This high visitation rubbed off on sales of Yellowstone Treasures, which, I’m happy to say, have never been better. Comments like these may have helped:

We have just received our copy of your wonderful book in the mail and we cannot put it down! My husband and I are planning our 4th trip to Yellowstone for this Fall. . . . We are so excited and even more so now that we have found your wonderful resource which will accompany us every step of the way.

The book was a magnificent guide that allowed my family (wife, two little girls ages 5 and 7, and their grandparents), to maximize every moment in this wonderful place. Incremental details, ease of info lookup, summary on prioritizing sites, lodging, etc. This book is just like a non-electronic GPS with supporting info, as the roads are relatively simple in the park. Our copy is treasured and tattered. . . .

Everything my traveling companions and I could want to know or need to know about the area within Yellowstone was within the nearly 400 pages of this book. The next time my friends and I go back to the park, we certainly will be making use of Ms. Chapple’s work. If you are planning to visit Yellowstone National Park, I strongly advise you to get a copy of this book beforehand yourself and keep it on hand as you traverse the park.

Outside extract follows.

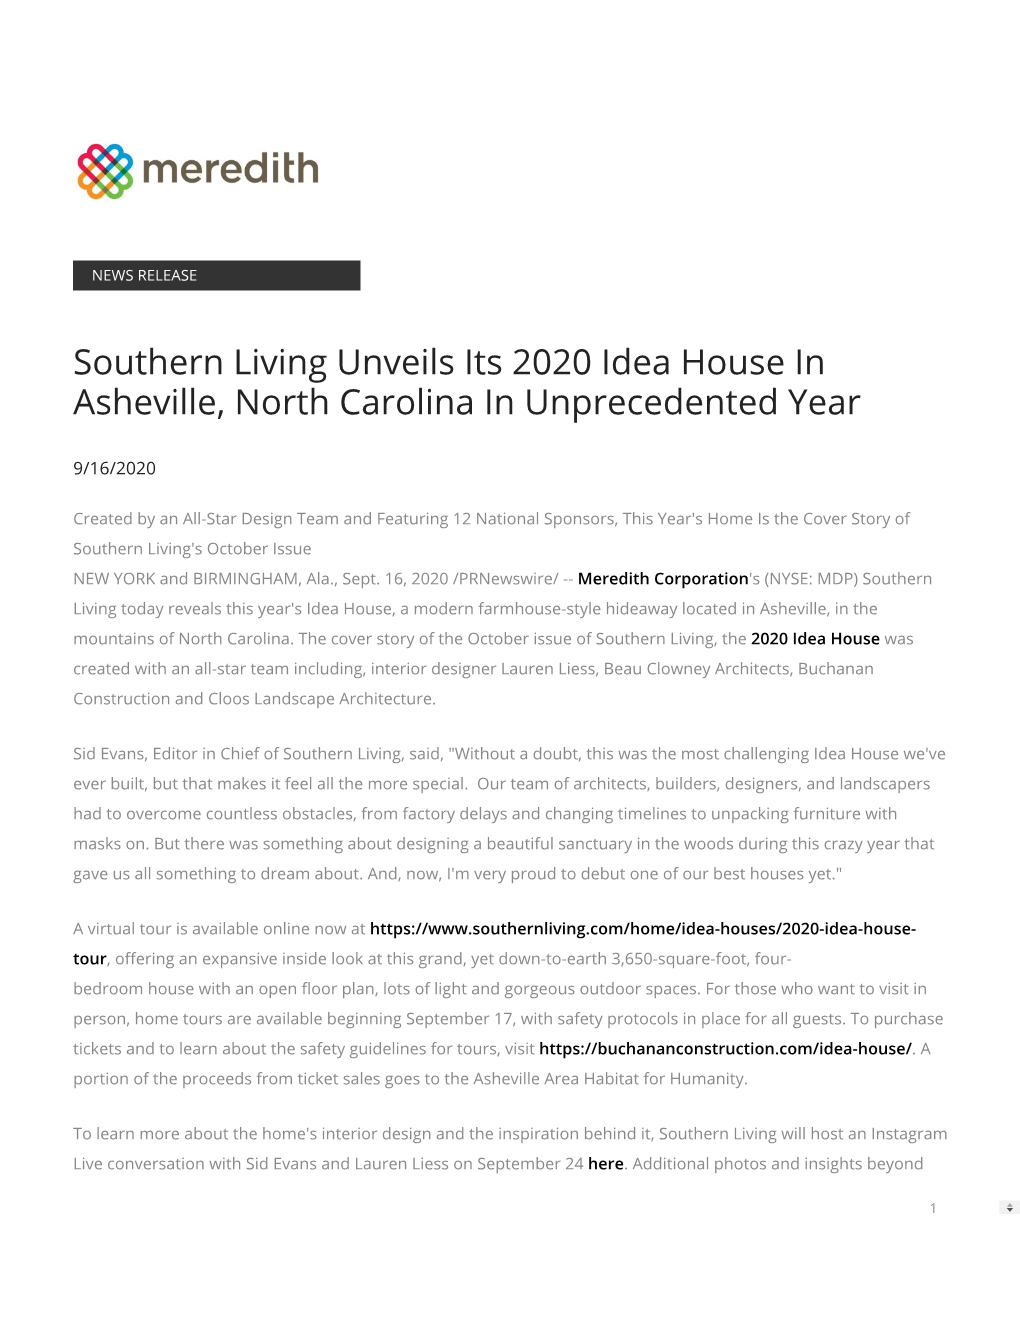 Southern Living Unveils Its 2020 Idea House in Asheville, North Carolina in Unprecedented Year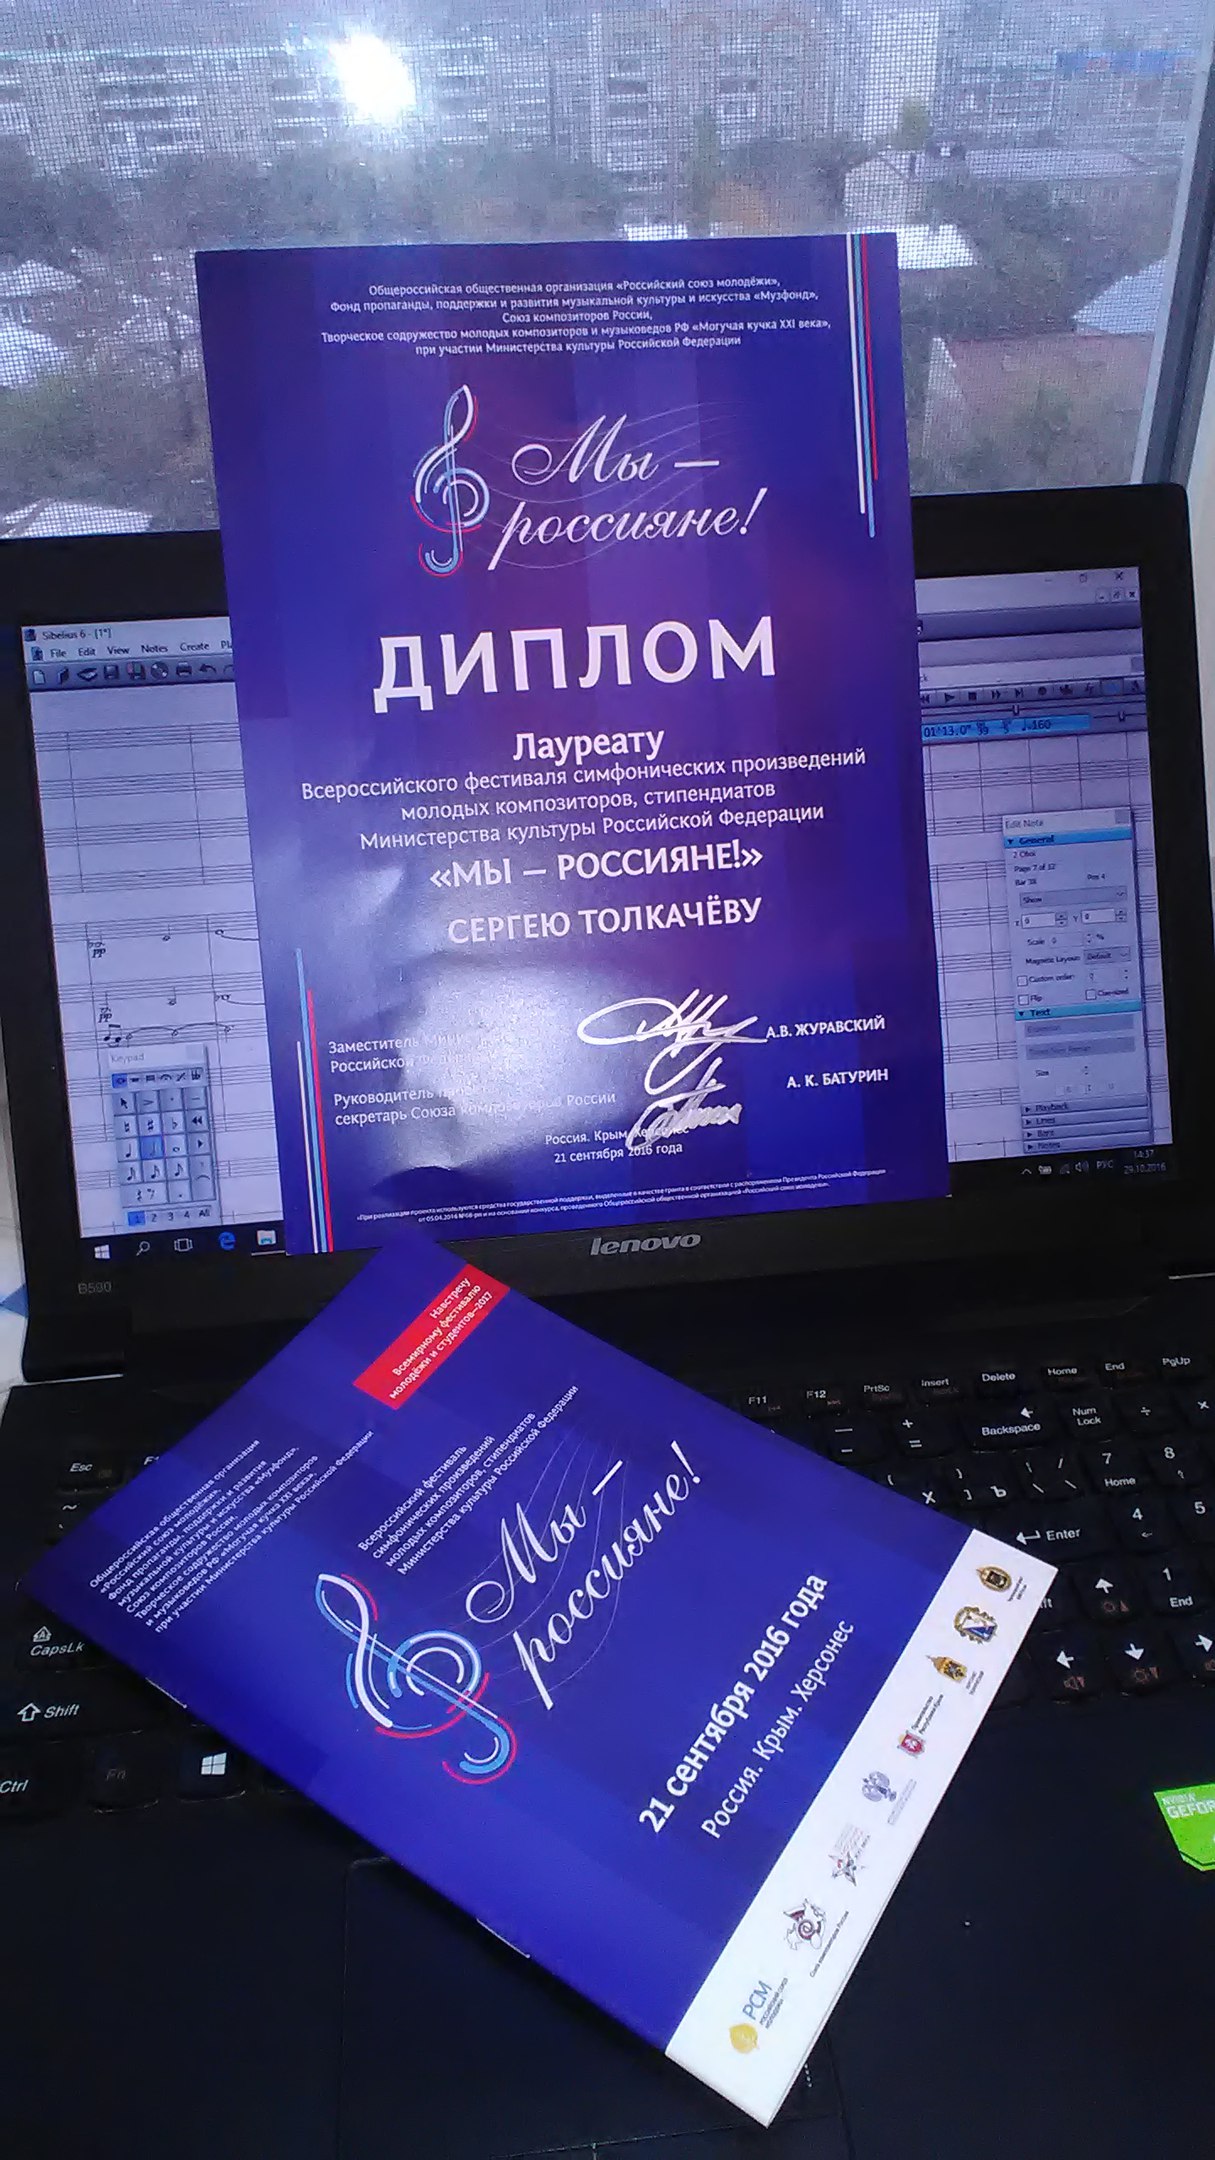 The diploma of National Festival of Young Composers We - the Russians!

And I was delighted to find that Amazon is including a copy of Yellowstone Treasures with the Canon sweepstakes they will hold November 9-15.

Chalk up one more for Yellowstone: Fodors.com has a forum where someone asked whether Yellowstone or Yosemite would be a better choice as a vacation spot for taking children 11 and 13 next summer. Two of the comments were: “Yellowstone has such variety in natural settings, unique environments, and wildlife . . . “ and “There are plenty of ‘walks’—rather than hikes. Places where you park your car and walk about one-half mile along a nice path. . . . Don’t think of this trip as a drive-by Disney-type experience.” I can second that!